I came up with a simple game using a standard 52-card deck. This is a 1-on-1 game involving a player and a dealer.
The rules are as follows.
- Player makes a bet.
- One card is dealt to the player.
- One card is dealt to the dealer.
- If the player's card is higher than the dealer's, player is paid 1:1. If not player loses their bet.
I did the numbers to determine if the house edge is acceptable. There are $52\times 51=2652$ total possible deals. The number of cases the player wins can be found by subtracting all ties(in which the player loses) then dividing it by half. Pick one of the $13$ ranks, and assign one suit to player and another to dealer. Thus the number of ties is $13\times 4\times 3=156$. The player wins $\frac{2652-156}{2}=1248$ cases. So the probability of the player winning is $\frac{1248}{2652}\times 100\approx 47.0588\%$. So it is a feasible game.
I sat down with my friends and played this game. Because we are lazy we decided not to shuffle the deck after every single deal. This meant that the deck gets shorter as cards are used. I wondered whether this benefited the player or the house. So I calculated the probability of the player winning after one deal. Now that $50$ cards are left in the deck there are $50\times 49=2450$ possible deals. There are two cases: whether the first deal was a tie or not.
First deal was a tie
- There are 12 ranks that still have 4 suits and one rank 2 suits. $12\times 4\times 3 + 1\times 2\times 1 = 146$. $\frac{2450-146}{2}=1152$ wins. $\frac{1152}{2450}\times 100\approx 47.0204\%$.
First deal was not a tie
- 11 ranks have 4 suits left while 2 ranks 3 suits. $11\times 4\times 3 + 2\times 3\times 2 = 144$. $\frac{2450-144}{2}=1153$ wins. $\frac{1153}{2450}\times 100\approx 47.0612\%$.

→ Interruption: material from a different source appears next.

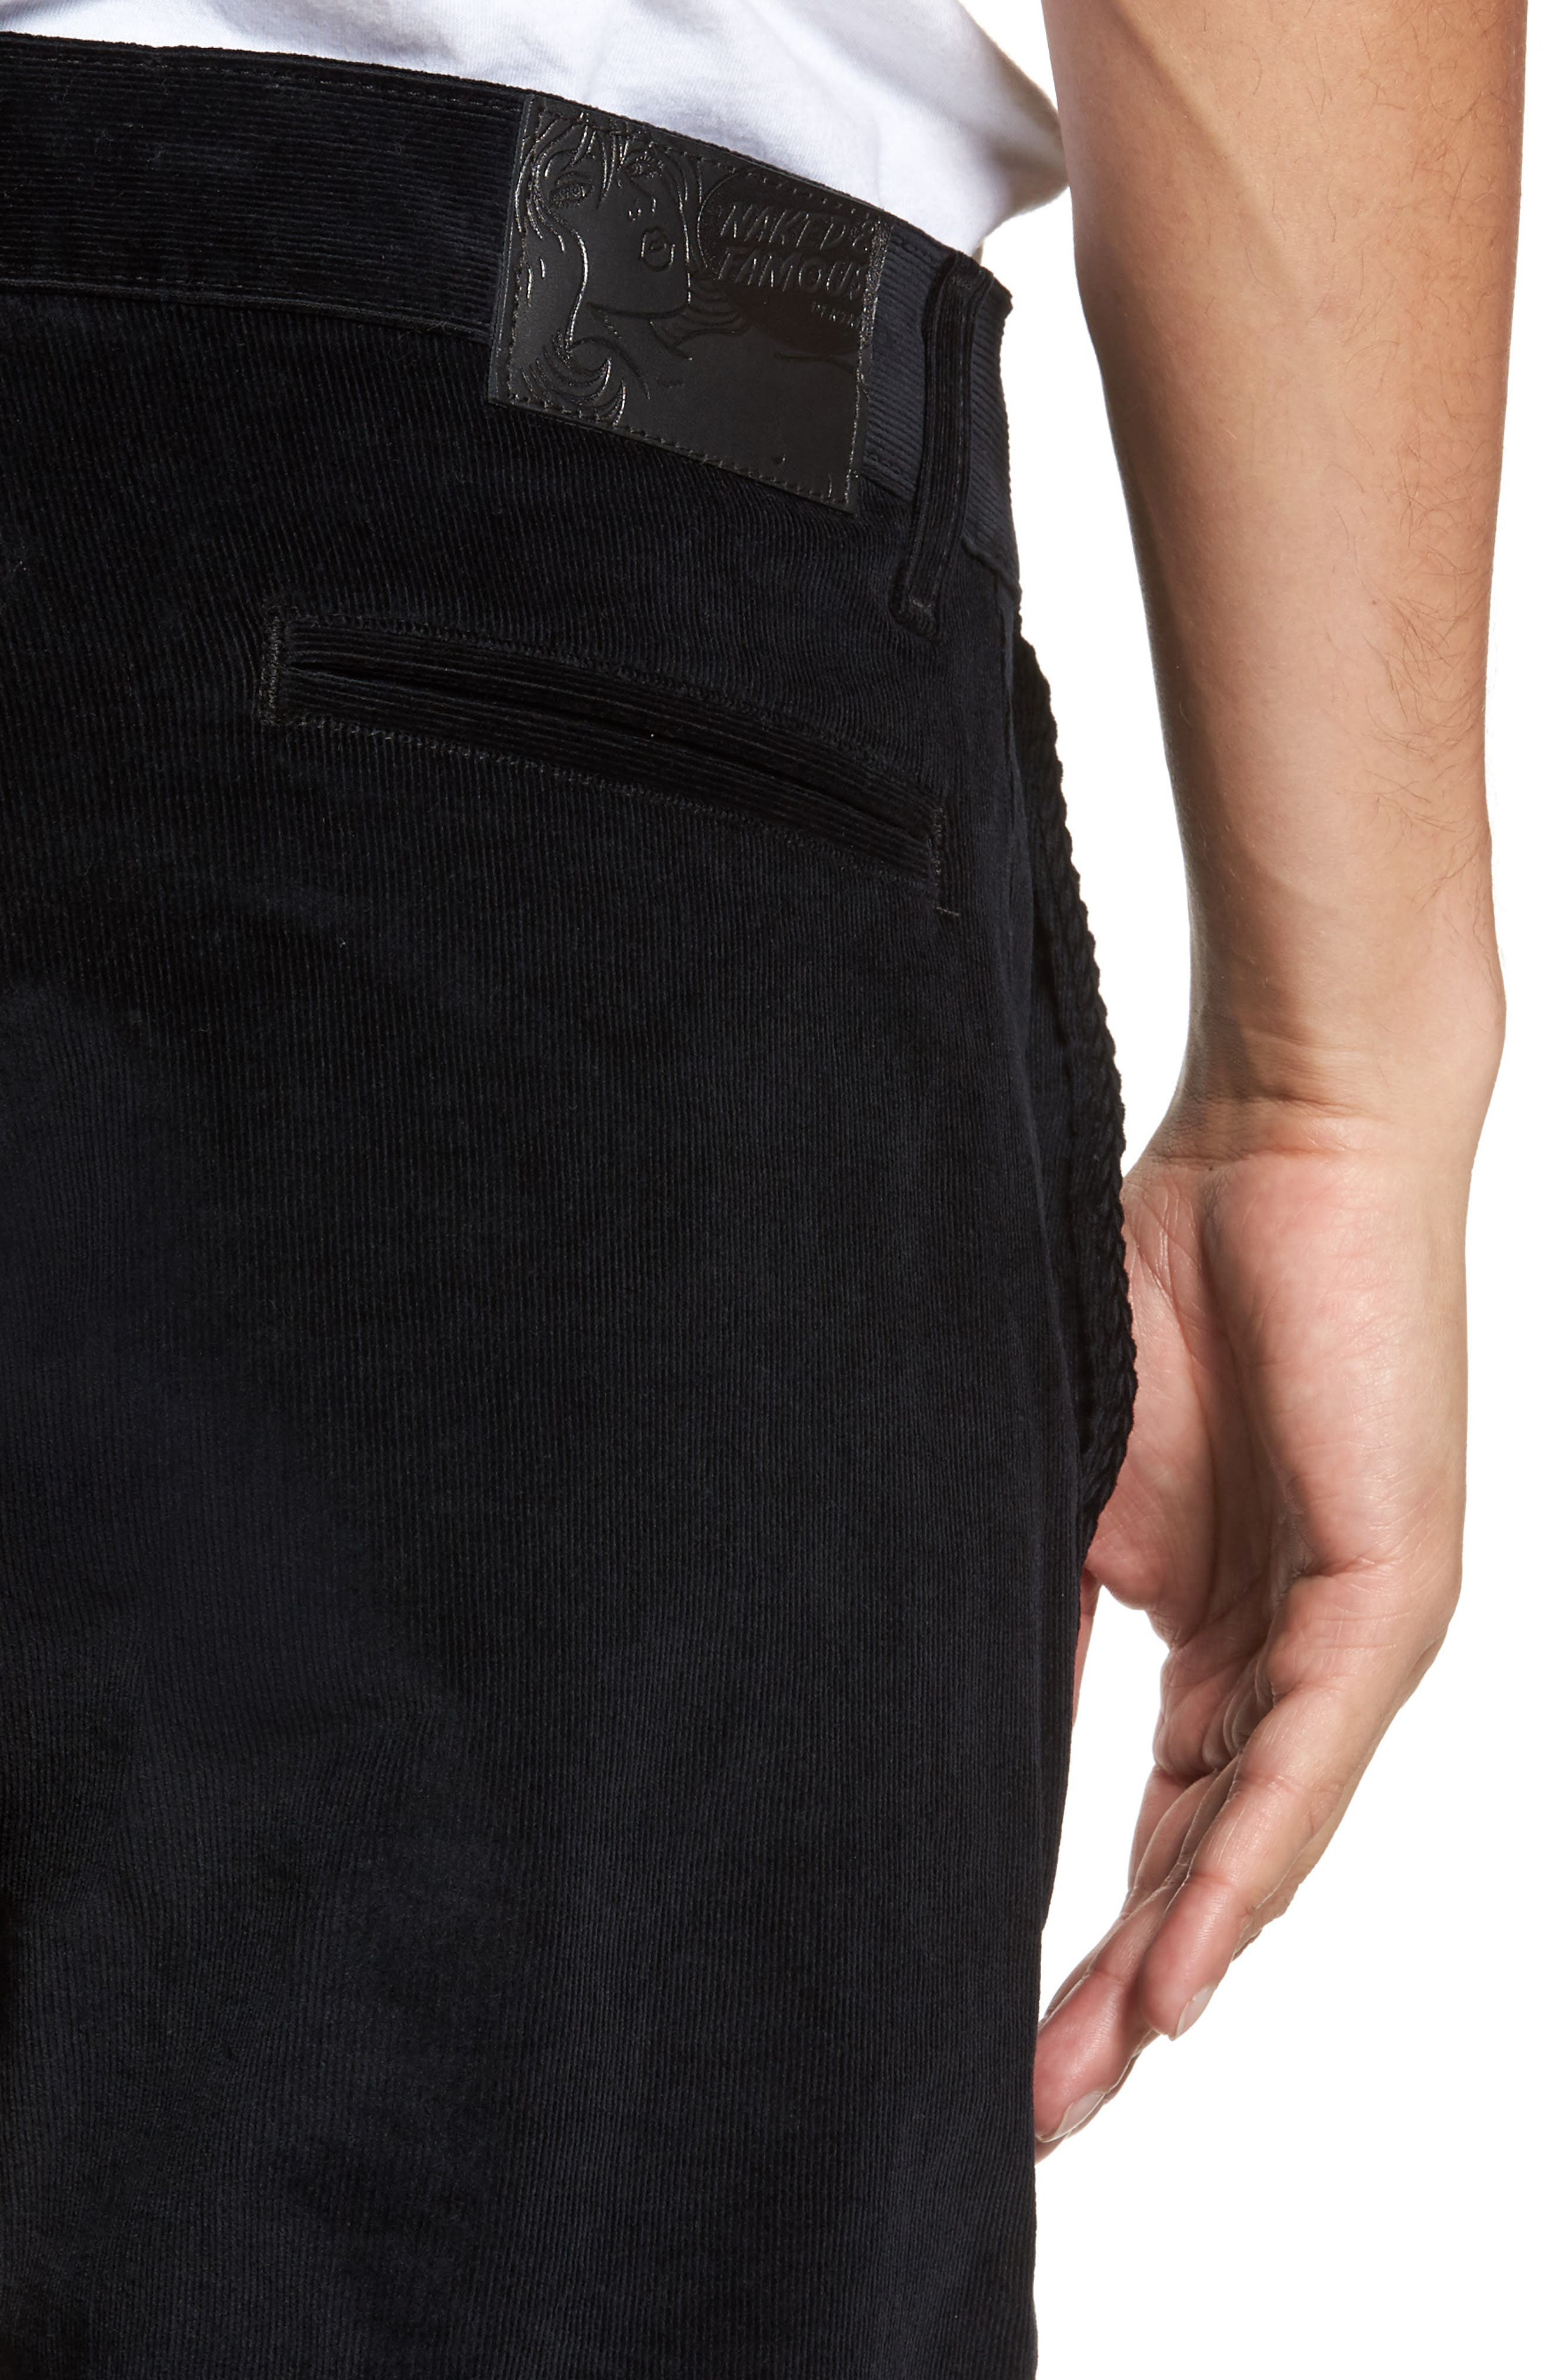 Naked & Famous Slim Chino Slim Fit Corduroy Pants,                             Alternate thumbnail 4, color,

Notice how the probability tilts against the player very slightly if the first deal was a tie and in favor of if not a tie. Now let's find the expected win rate.
- First deal was a tie: $\frac{156}{2652}\times\frac{1152}{2450}$
- First deal was not a tie: $\frac{2496}{2652}\times\frac{1153}{2450}$
When I added the two together I got $47.0588\%$. Thinking the difference between the first deal and the second was within my calculator's precision, I multiplied both by $2652\times 2450$.
- First deal win: $1248\times 2450 = 3057600$
- Second deal win: $156\times 1152 + 2496\times 1153 = 3057600$
No, it was not a precision problem. Surprisingly the expected value was exactly the same. I intuitively thought after a deal it would be closer to 50%. Would the expected house edge stay the same until the final, 26th deal? Or will it change after enough deals? Am I missing something that could easily show that the expected value never changes?